Inactivating NK cell reactivity to facilitate transplantation of stem cell derived tissue

Funding Type: 
Transplantation Immunology
Grant Number: 
RM1-01730
ICOC Funds Committed: 
$958 808
Disease Focus: 
Blood Disorders
Stem Cell Use: 
Adult Stem Cell
Cell Line Generation: 
Adult Stem Cell
oldStatus: 
Closed
Public Abstract: 
One of the great promises of stem cell research is that it will one day be possible to prepare replacement cells or organs from stem cells such as embryonic stem cells, which can be transplanted to patients to substitute for diseased or defective patient tissues or organs. Unfortunately, the immune system reacts against, and rejects, transplanted tissues that are not perfectly matched with the recipient. A promising approach around this problem is a two step procedure, in which a patient is first transplanted with blood stem cells of a specific type, and later with replacement tissues or cells derived from the same embryonic stem cells as the blood stem cells. If the blood cell transplant is successful, the patient’s blood cells will forever after be composed of a mixture of their own blood cells and the donor blood cells (“chimerism”). It is known that blood cell chimerism induces the recipient to be accept diverse types of grafts of the same source as the blood cells. Thus, the blood cell graft prepares the recipient to accept other types of grafts derived from the same stem cells. Unfortunately, blood stem cell grafts are themselves subject to a specific type of immune rejection, mediated by natural killer (NK) cells. Hence, successful application of the two step procedure requires the development of methods to prevent NK cells from rejecting blood cell grafts. We have developed evidence that NK cells can be induced to become tolerant of mismatched blood cell grafts. We propose studies to develop a general procedure to induce tolerance of a recipient’s NK cells to mismatched blood cell grafts. Using an experimental model, we will test whether the procedure facilitates transplantation of blood cells derived from embryonic stem cells, the generation of blood cell chimerism, and the subsequent transplantation of other tissues in a two step procedure.

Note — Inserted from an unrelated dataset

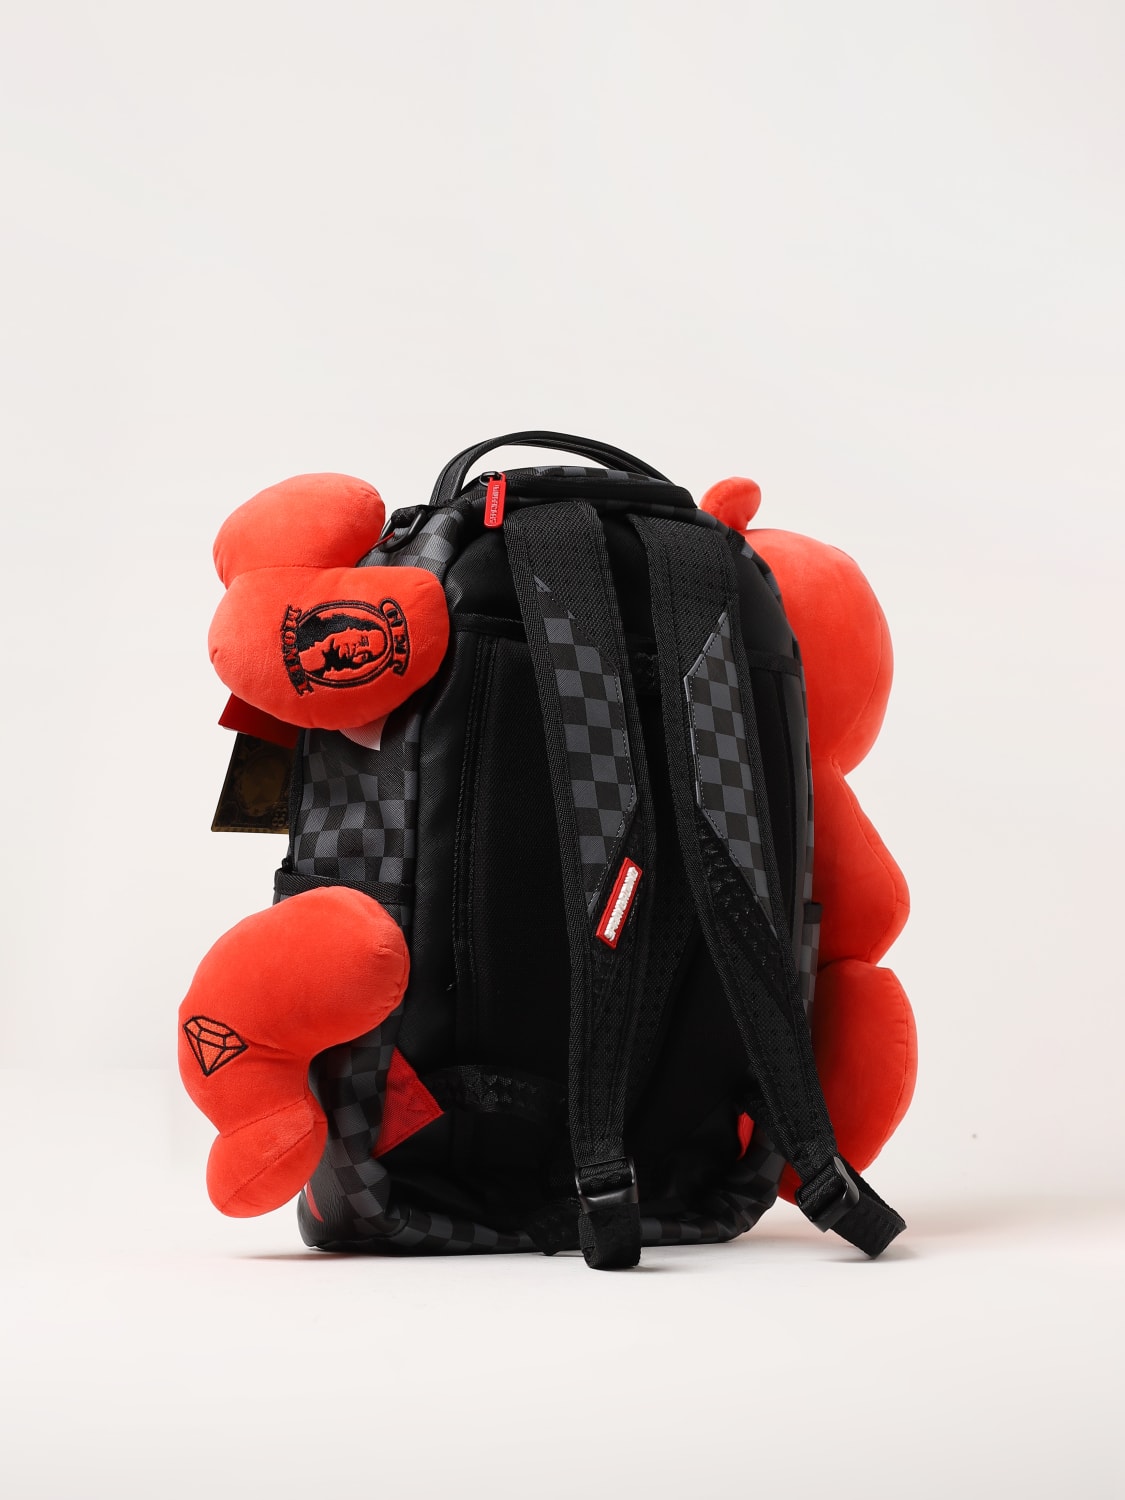 Sprayground Backpack in Red for Men

Statement of Benefit to California: 
The proposed research is designed to provide novel methods to facilitate therapeutic transplantation of stem cell derived cells and tissues to patient’s suffering from numerous disorders and diseases. Such approaches will ultimately benefit millions of Californians suffering from diabetes, heart disease, neurodegenerative diseases, etc. Breakthroughs in stem cell research in California will also generate new industries, reducing joblessness and bolstering the California economy.
Progress Report: 
  • Our plan is to find ways to facilitate transplants of stem cell-derived cells to genetically different recipients. We propose to inactivate the rejection capability of natural killer cells, a white blood cell type that can reject transplanted cells. To explore this we started with a mouse model. Previously we generated evidence that there are one or more cell types in normal mice can inactivate the rejection capacity of natural killer cells. Our first aim is to identify that cell type to see it can be injected into mice to inactivate the natural killer cells. In the last year we have generated evidence that the relevant cell type is a non-blood cell type. We will now test various non-blood cell types to see which ones have this capability. The hope is that once the cell type has been identified, it could be generated from stem cells and injected into patients to facilitate transplants of other cell types derived from the same stem cells.

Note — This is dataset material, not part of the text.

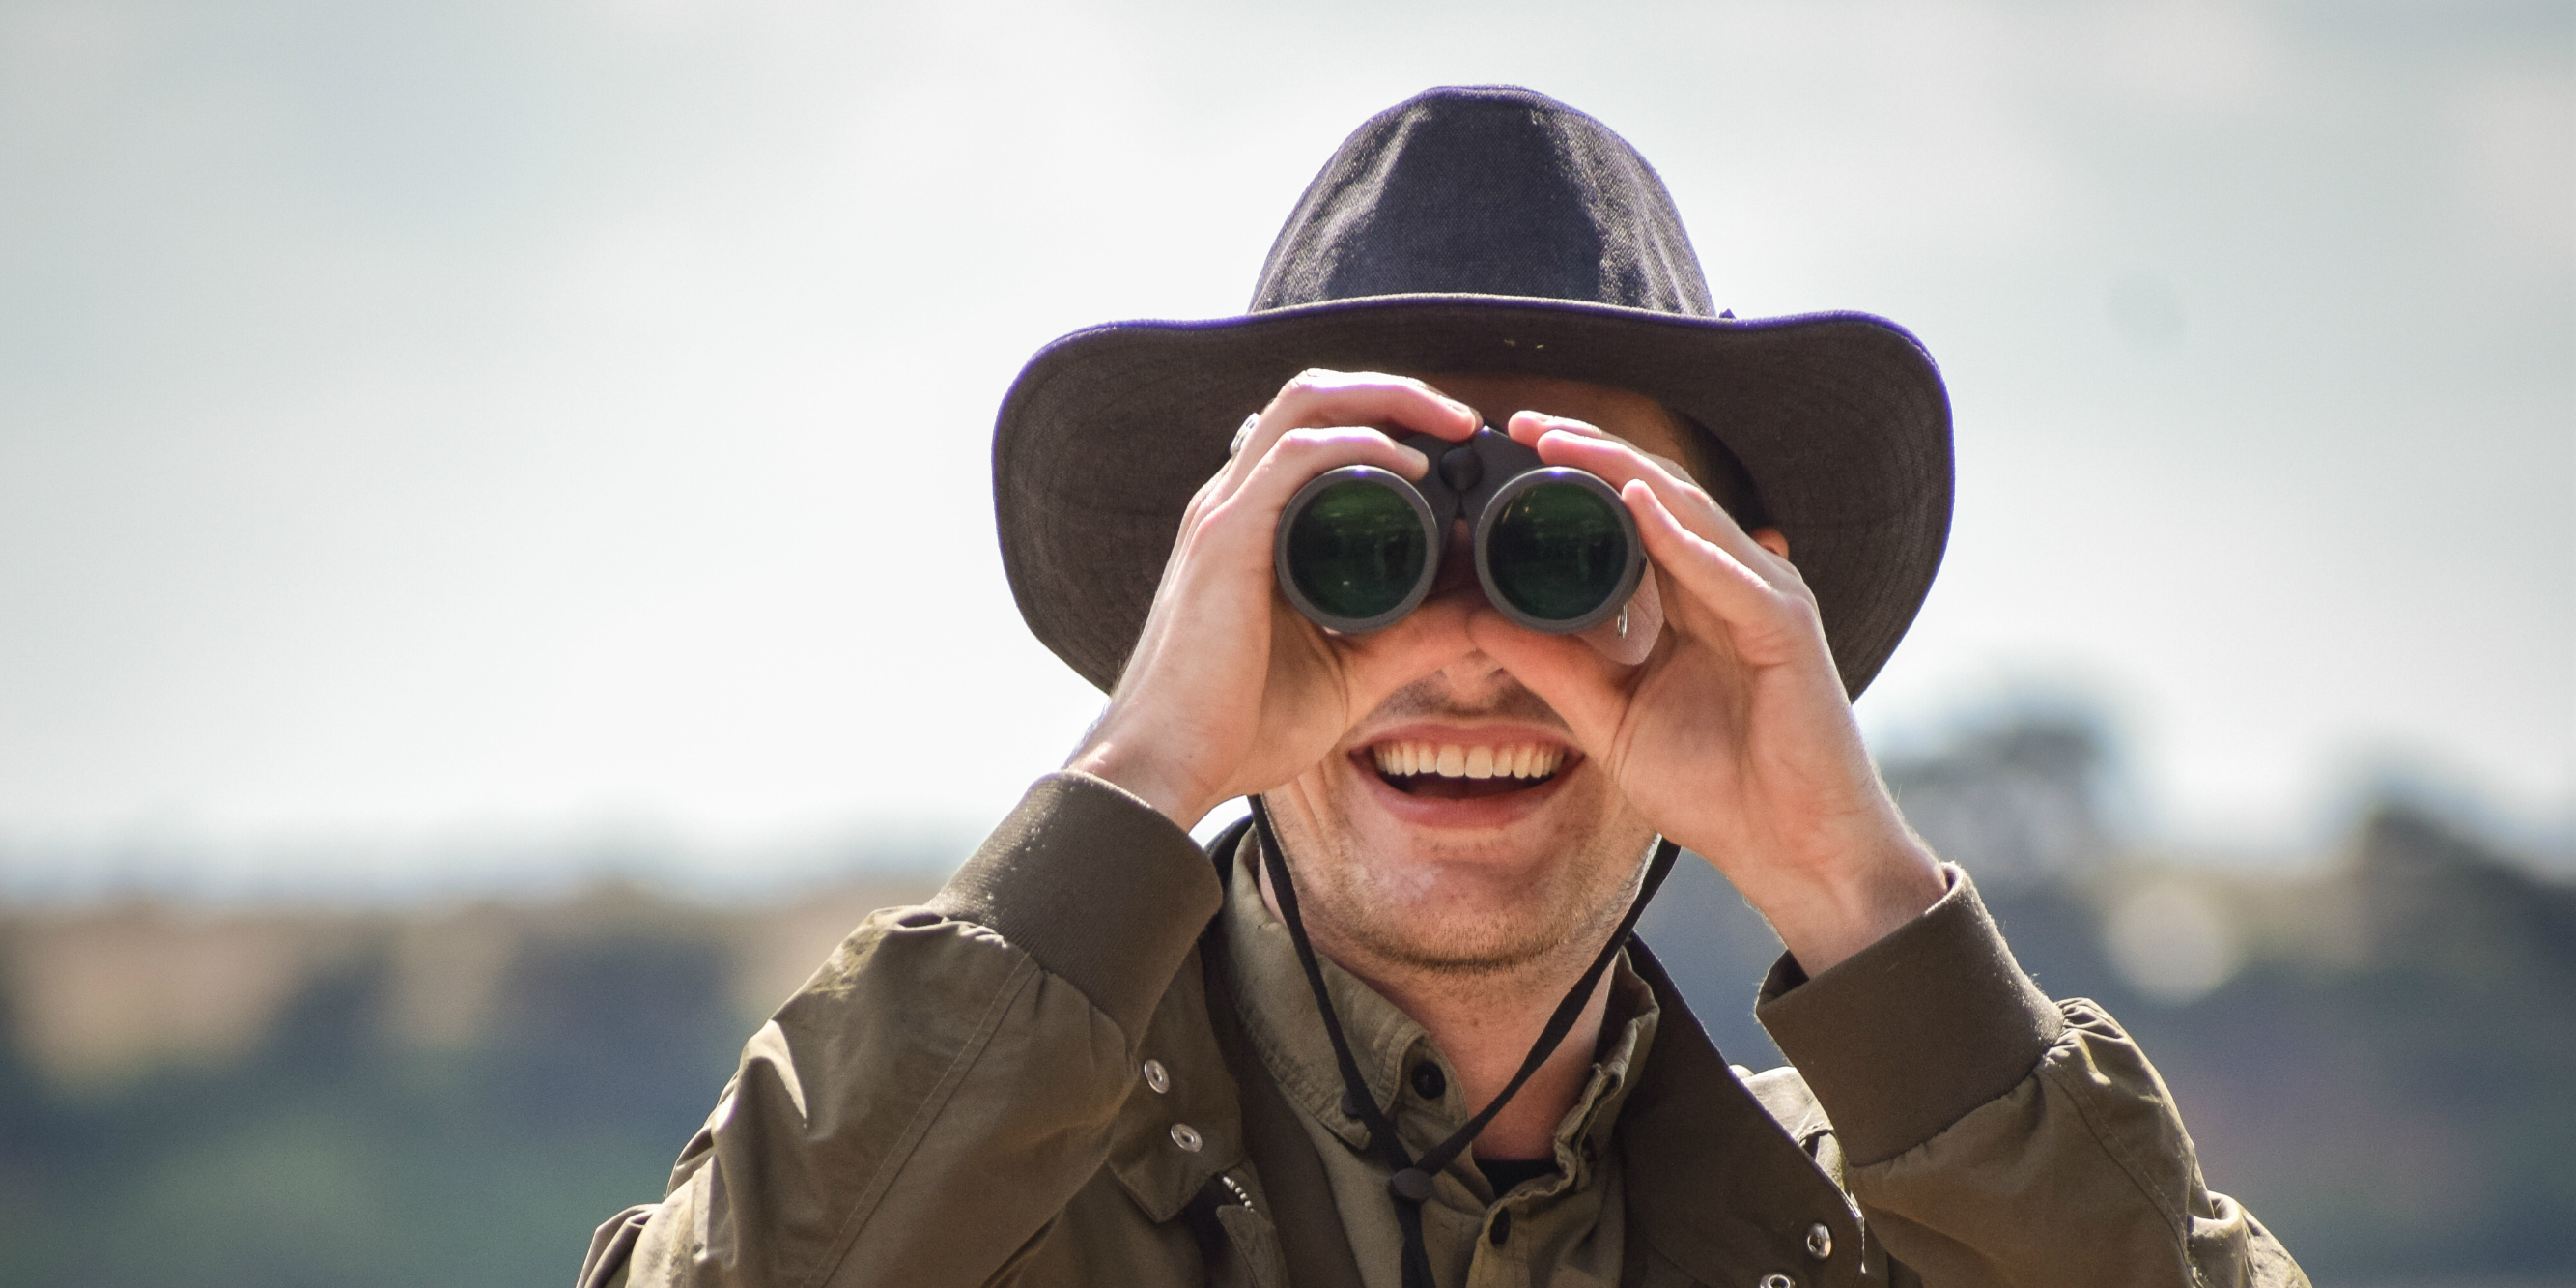 A wildlifer conservation participant looks through binoculars.

  • Our plan is to find ways to facilitate transplants of stem cell-derived cells to genetically different recipients. We propose to inactivate the rejection capability of natural killer cells, a white blood cell type that can reject transplanted cells. To explore this we started with a mouse model. Previously we generated evidence that there are one or more cell types in normal mice can inactivate the rejection capacity of natural killer cells. Our first aim is to identify that cell type to see it can be injected into mice to inactivate the natural killer cells. In the last year we discovered that the relevant cells include both blood cell types and non blood cell types. We showed however, that tolerance induced by non-blood cell types induces a more stable type of tolerance than that induced by blood cell types. We went on to develop a system in live mice to test subtypes of cells that can induce tolerance. Using this system, we could show that a heterogeneous mixture of blood cell types could induce tolerance. The system is suitable for testing specific blood cell, or non blood cell, types for their capacity to induce tolerance. We will undertake those studies in the coming months. The hope is that once the cell type has been identified, it could be generated from stem cells and injected into patients to facilitate transplants of other cell types derived from the same stem cells.

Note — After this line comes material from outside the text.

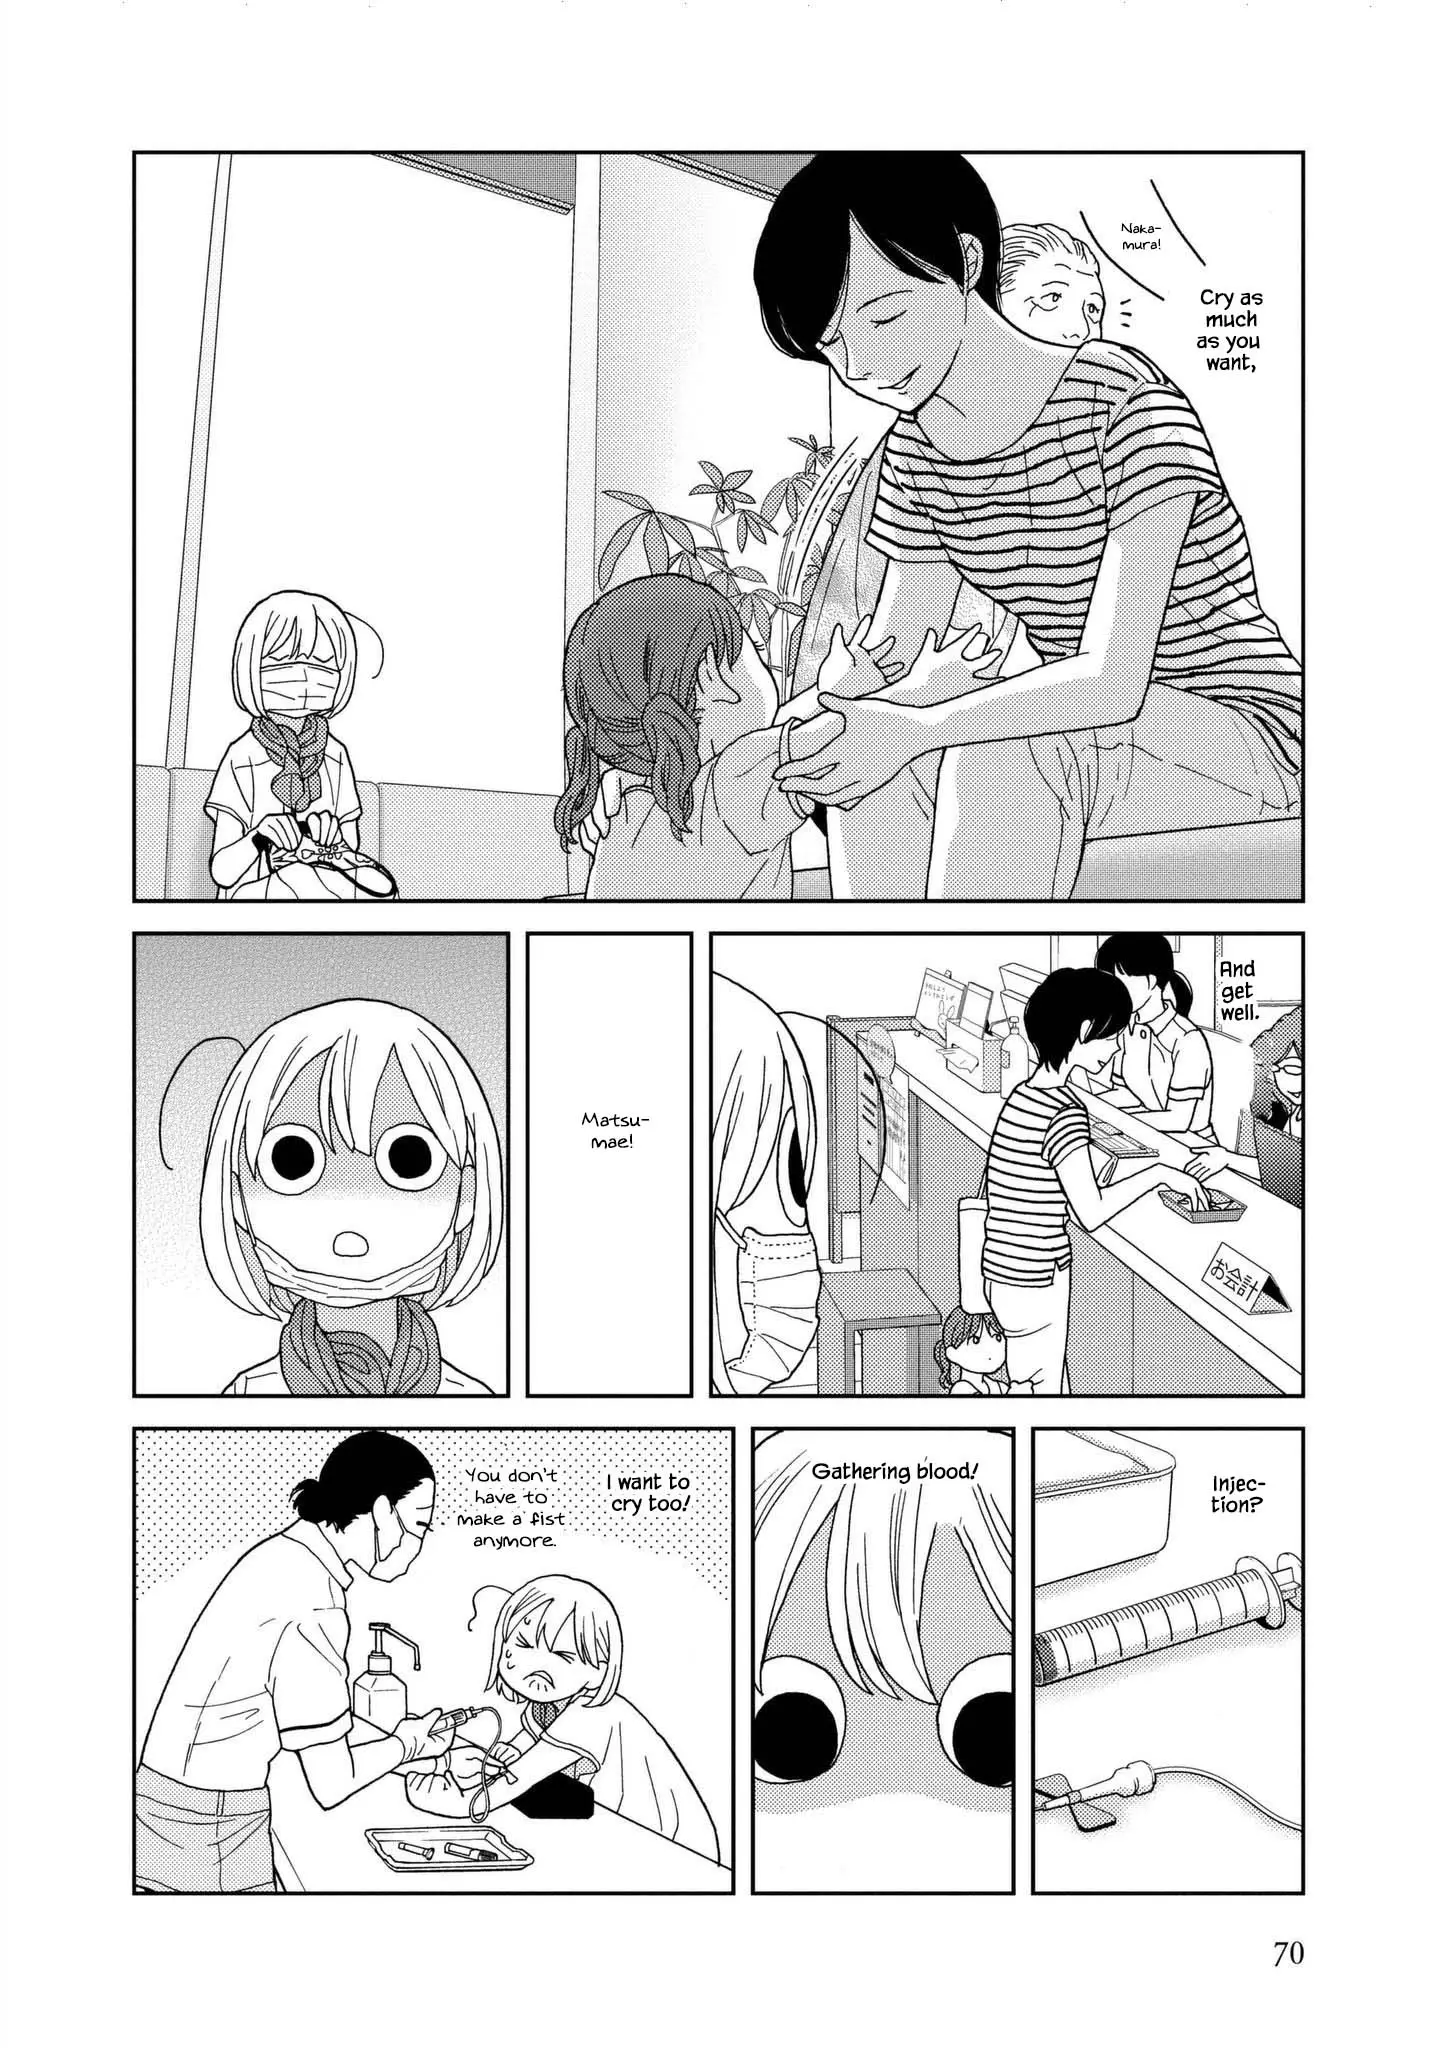 Takako-San - 46 page 8-7123fd0a

  • Stem cell therapy involves transfer of stem cells to patients. Transferring stem cells from a donor to a patient holds particular promise, because the stem cells may be reliably modified to rectify a specific defect and restore a particular function. This approach is limited by the patient’s immune response, which may reject the foreign transplant. Immune suppressive drugs can be used to prevent rejection of the stem cell, but these drugs leave patients sensitive to infections. We aim to find new, less debilitating methods to facilitate transplantation of foreign stem cell derived tissues. One approach is to establish a state of immune tolerance in the patient, by transplanting blood cells to generate blood cell mixing, called chimerism— that the patient tolerates. Once that is successful, stem cells of other tissues will also be tolerated, as long as they are from the same donor as the donor blood cells. Our efforts have focused on enabling patients to accept foreign blood cells—the first step in this approach. Natural killer cells are immune cells that are known to reject foreign blood cells, when the donor cells are mismatched at genes that control tissue rejection. We have shown that natural killer cells can be rapidly converted to a tolerant state when exposed to specific foreign cells from a donor. Subsequently, they will ignore transplants from the same donor. These findings suggested we could develop methods to readily prevent rejection of foreign blood cells by natural killer cells, but we also learned that this tolerance is fragile: when infections occurred, the tolerance could be reversed and the donor cells rejected. If this occurred after stem cell therapy, the donor stem cells would be rejected, abrogating the benefit of stem cell therapy. However, we also learned that this outcome did not occur in all circumstances. We learned that the fragile state of tolerance occurred when natural killer cells were exposed to foreign blood cells, but a distinct or deeper state of tolerance occurred when NK cells were exposed to other types of foreign cells, not of the blood cell lineages. In that case, tolerance was much less fragile and was sustained even when infections occurred. Our research is geared to identifying the key cell types that induce a deeper and less fragile form of tolerance of natural killer cells, in order to improve the effectiveness of therapeutic stem cell therapy.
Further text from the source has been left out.